I started thinking about the manger. I remembered how Mary and Joseph kept being turned away from inn after inn, and as a last resort, they made due with a stable, literally surrounded by farm animals: cattle, ox, sheep, donkeys.

Image: S. Dewey

Sounds kinda like a 2020 experience, am I right?

But that very first Christmas, all they had were each other, and the Christ child.

And that’s when it hit me.

That is our exact situation, right here in 2020, too.

This Christmas, we are being brought back to the manger. Not just in our mind, or on the creche on the mantle. No, we’re actually physically being brought back to that quiet, solemn night, alone with just family and Christ.

This year, all the materialistic, clamoring noise that usually surrounds Christmas has been stripped away. Those distractions that compete for our attention, and divert our focus away from the true miracle of Christmas have all but dissolved, leaving us with no excuse, but to pull up a bail of hay and park ourselves next to Baby Jesus in the manger.
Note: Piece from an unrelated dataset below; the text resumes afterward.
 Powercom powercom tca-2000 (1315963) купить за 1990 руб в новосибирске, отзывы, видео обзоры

I was reminded, this morning, that instead of feeling melancholy or wistful for the normal “holiday rush,” with the Christmas parties, and battling for parking spots at the mall, cookie baking, and going one million miles per second, it seems, I should cherish the fact that this Christmas, I can really return to the Why.

Return to the “Reason for the Season” — which, believe me, I cringed just as hard typing that, as you did reading it.
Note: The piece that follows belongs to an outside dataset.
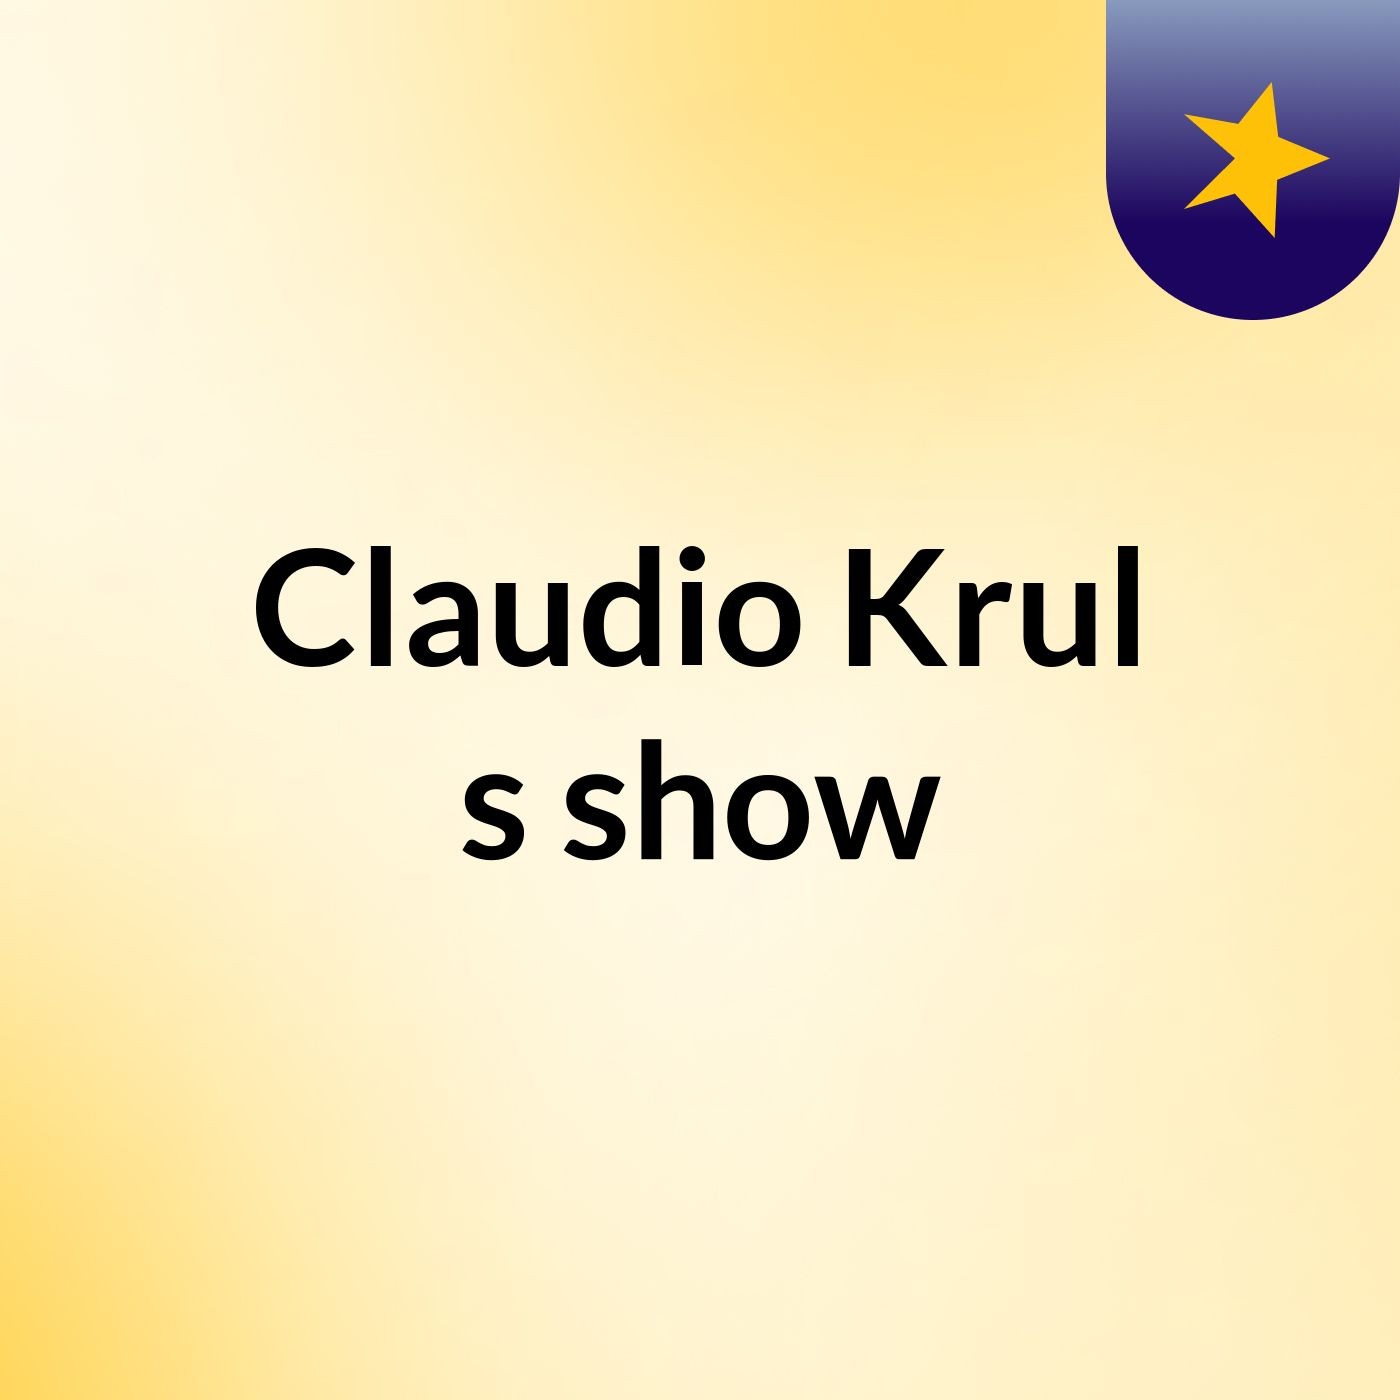 Claudio Krul's show

But it’s true. It’s an eye-roll-inducing cliche for a reason: it’s true.

Christmas isn’t about the decorations. It isn’t about having 100 gifts under the tree, with the perfect gift wrap, and the Christmas cards with the color-coordinated matching family outfits, or the kids’ school chorus concerts…those are all nice and beautiful traditions. But when it comes right down to it, it’s about Jesus, coming to earth as a child, in the most humble of circumstances, all because He loves you and me enough to be born to die.
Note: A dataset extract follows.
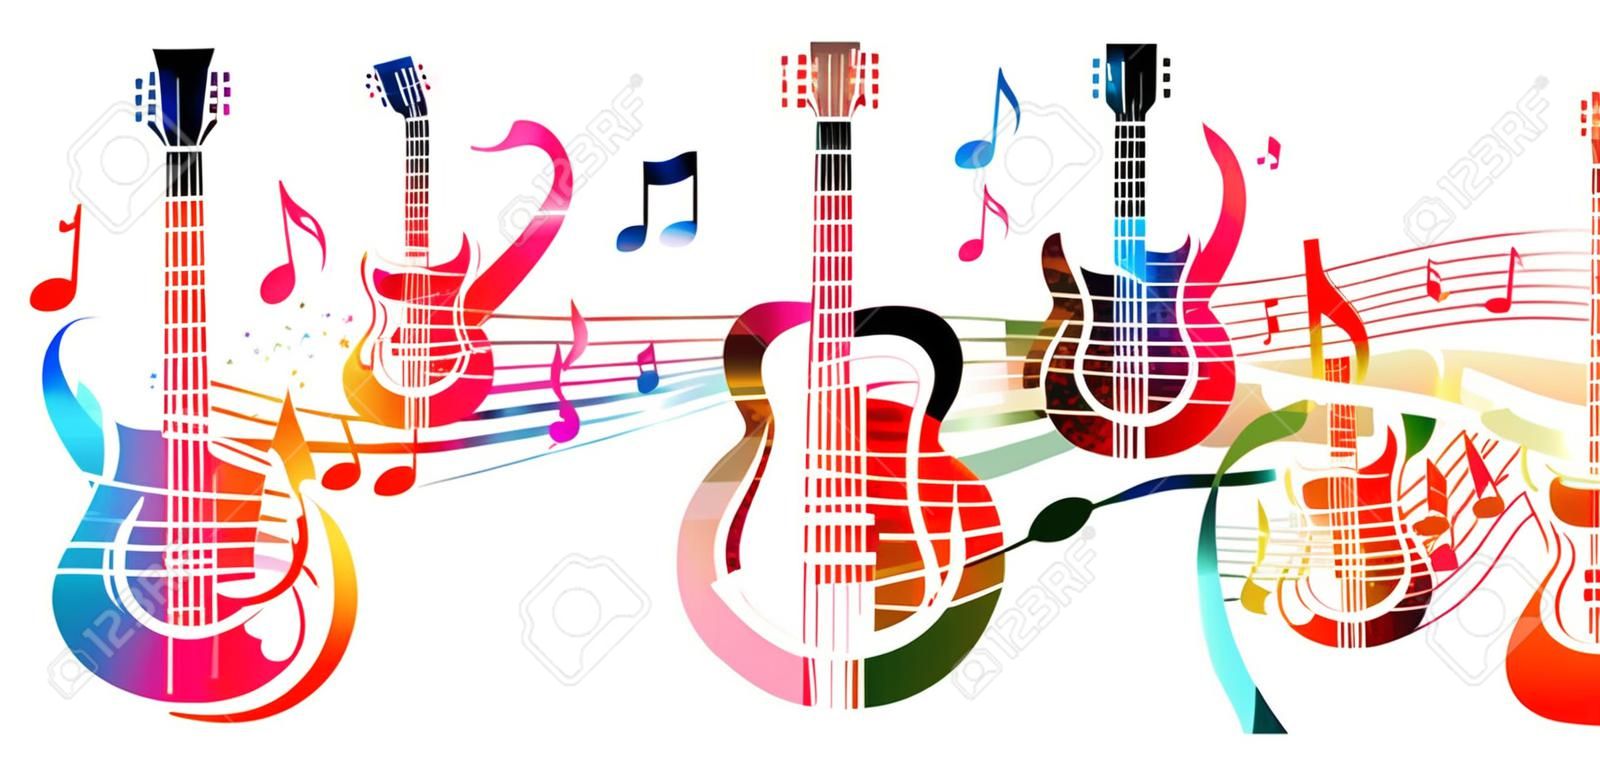 创意音乐风格模板矢量插画彩色吉他与音乐五线谱和音符乐器背景设计海报海报横幅音乐会和音乐商店

And what a truly unique and glorious opportunity we’ve been given — in the pandemic holiday season of 2020 — that we can spend this Christmas differently than we ever have – and probably ever will – ever again: in our own little families, with Jesus.

We’ll have to have virtual church, and therefore, have to purposefully and intentionally make time for Jesus, and invite Him into our homes, and we’ll spend Christmas in an intimate, incredibly special – and hopefully meaningful – time.

I honestly, think it’s really beautiful.

That first Christmas, all there was was Jesus, and the love between a very small, and very holy family.

This Christmas, the old is new again. And here we are today, in that same, manger-shaped boat.

May we all embrace our seemingly desolate present, as the opportunity for our own living nativity, as we navigate these uncertain next couple of weeks, before we welcome Baby Jesus at Christmas, with just our own little family, too.